The shift rail plugs are an easy fix. There are three of them at the top of the trans. You can get them from the dealer for a few bucks. If replacing with original rubber plugs, all you need is a screwdriver. Just pop the old ones out and push the new ones in with a little ATF on them to make pushing them in easier. Some people opt to replace them with metal freeze plugs for a permanent fix if they have the trans dropped for a clutch/slave cylinder. There is no way to get metal freeze plugs in without dropping the trans.
Some people remove the factory resonator box thing on the air intake pipe on 2.3s. IIRC, Tallpaul on this board did it with one of those Dorman rubber freeze plugs. Ford eliminated the resonator box sometime later on, so you could just get a later air intake pipe if you can find one. Probably won't see significant gains doing that though. The A/F is the same one used on the V6s, so it flows plenty of air, but there is no shortage of aftermarket intakes for Duratec 2.3s. Name a company and they have one.
If you want to upgrade the exhaust, Dynomax is the way to go. Walker/Dynomax direct fit stuff is really direct fit on Rangers. Other companies make exhaust kits for these trucks, but you really can't go wrong with Dynomax/Walker, especially in FL where it won't rust out. I had a bad experience with a Magnaflow y-pipe on my truck (simply would not fit an automatic trans truck, no way, no how). Dynomax/Walker stuff always seems to fit like a glove on these trucks. Had a Dynomax Super Turbo cat back kit on my old 2.5L Ranger, and a Walker y-pipe on my current one. Totally hassle free installs with perfect fit in both cases.
With shocks, just don't get cheap Monroes. They were leaking oil on my truck in a matter of days. Anything else is fine, including better Monroes (Sensa-Trac on up). I am running Motorcrafts in the front and KYB Excel-Gs in the rear on mine currently and have no complaints.

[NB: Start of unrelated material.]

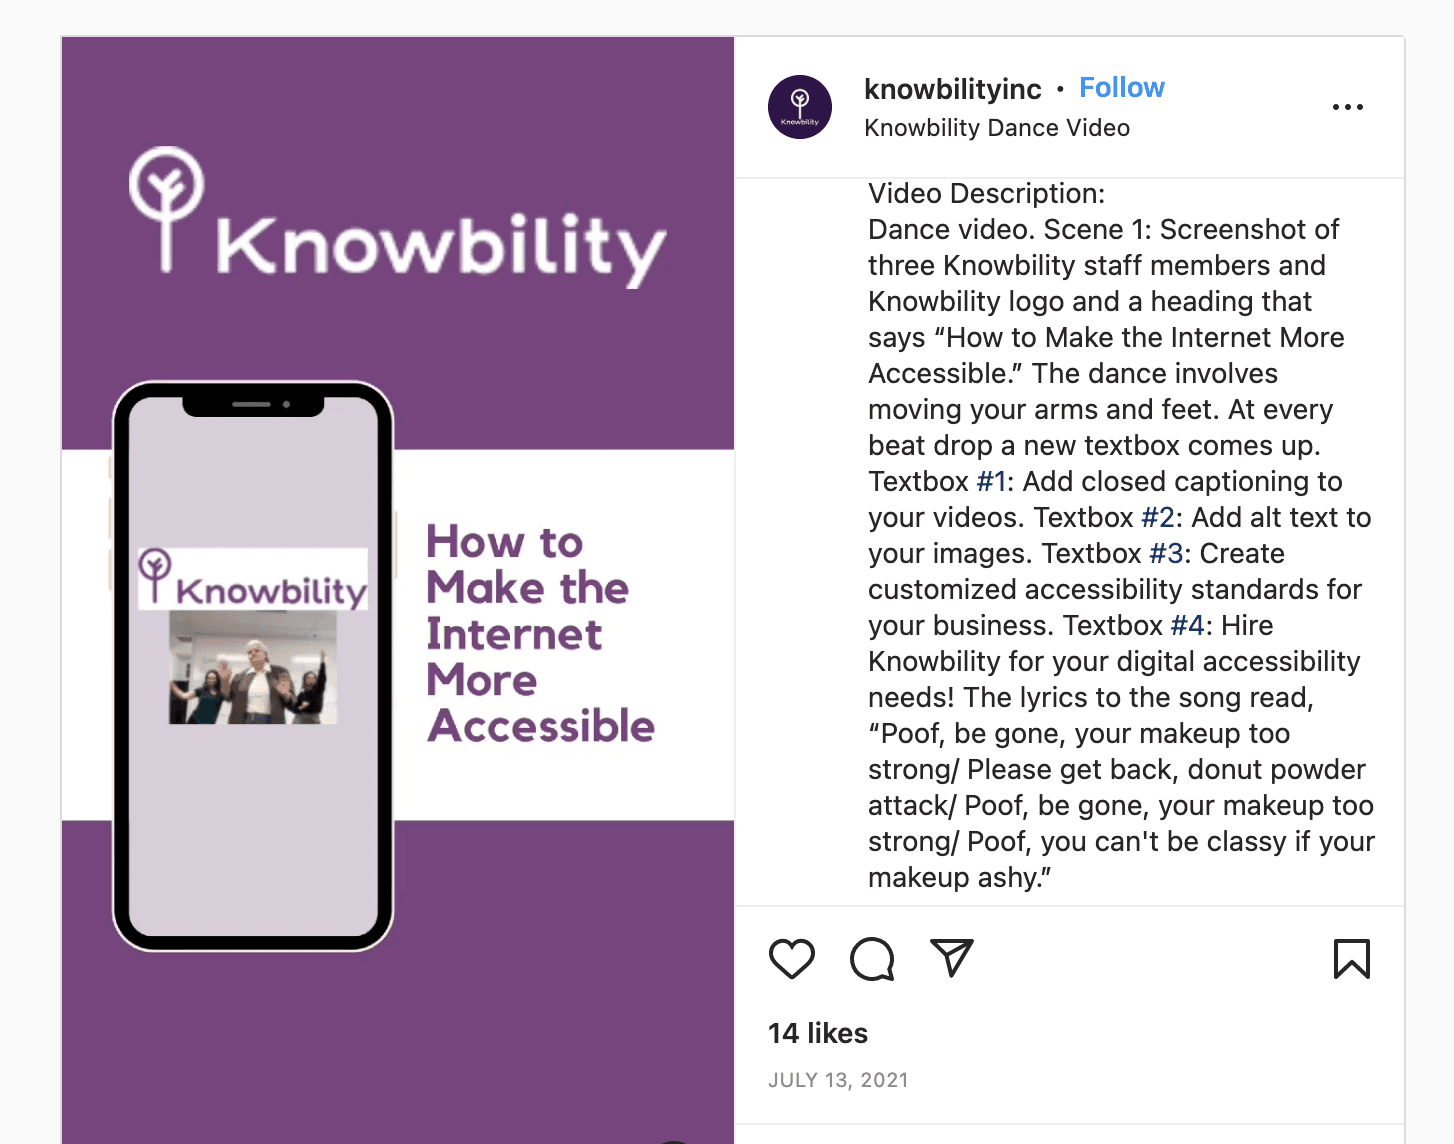 Screenshot of a Knowbility instagram post on how to make the internet more accessible.

You really shouldn't encounter many problems at all on a low mileage 2.3L manual trans Southern truck. The only one that comes to mind would be the clutch slave cylinder. It is a pain to replace because you have to drop the trans, but it doesn't always go out. On some trucks the slave cyl goes at 40K miles, on others never. It never had an issue on my '01. Regardless, whenever the clutch is done, the slave cylinder should be replaced as insurance while the trans is out. Other than that, I wouldn't expect much at those miles. 80K is nothing on one of these. They don't have many age related issues...aside from the shift rail plugs, the rubber parts are really durable, and even those are not all that common of a failure. Electrical issues tend to be very minor...switches sticking and the like. Being an '01, it should be a reg cab as you could only get Super Cabs with a V6 that year, so things like the door ajar light staying on won't be an issue. The switch for the parking brake light in mine has started to stick, but it doesn't bother me enough to replace it. The light doesn't always illuminate when I set the brake.
Ball joints may be an issue later on. On mine the boots cracked almost all at the same time around 125K miles. I proactively replaced them as they are sealed from the factory, but the joints were still good. I went with Raybestos Pro replacements and have been very happy with them. I personally haven't seen a Ranger with less than 150K miles that actually had bad ball joints, but I have heard of them going bad before then. The noise will alert you long before they are dangerous. At 80K, they should be fine. Even if the boots are cracked, they probably have a lot of life left. My OCD with my truck's mechanicals just couldn't deal with cracked boots, so they had to go.
It should be an excellent daily driver. If mine were to be wrecked beyond repair tomorrow, I'd have another in the driveway by the end of the day.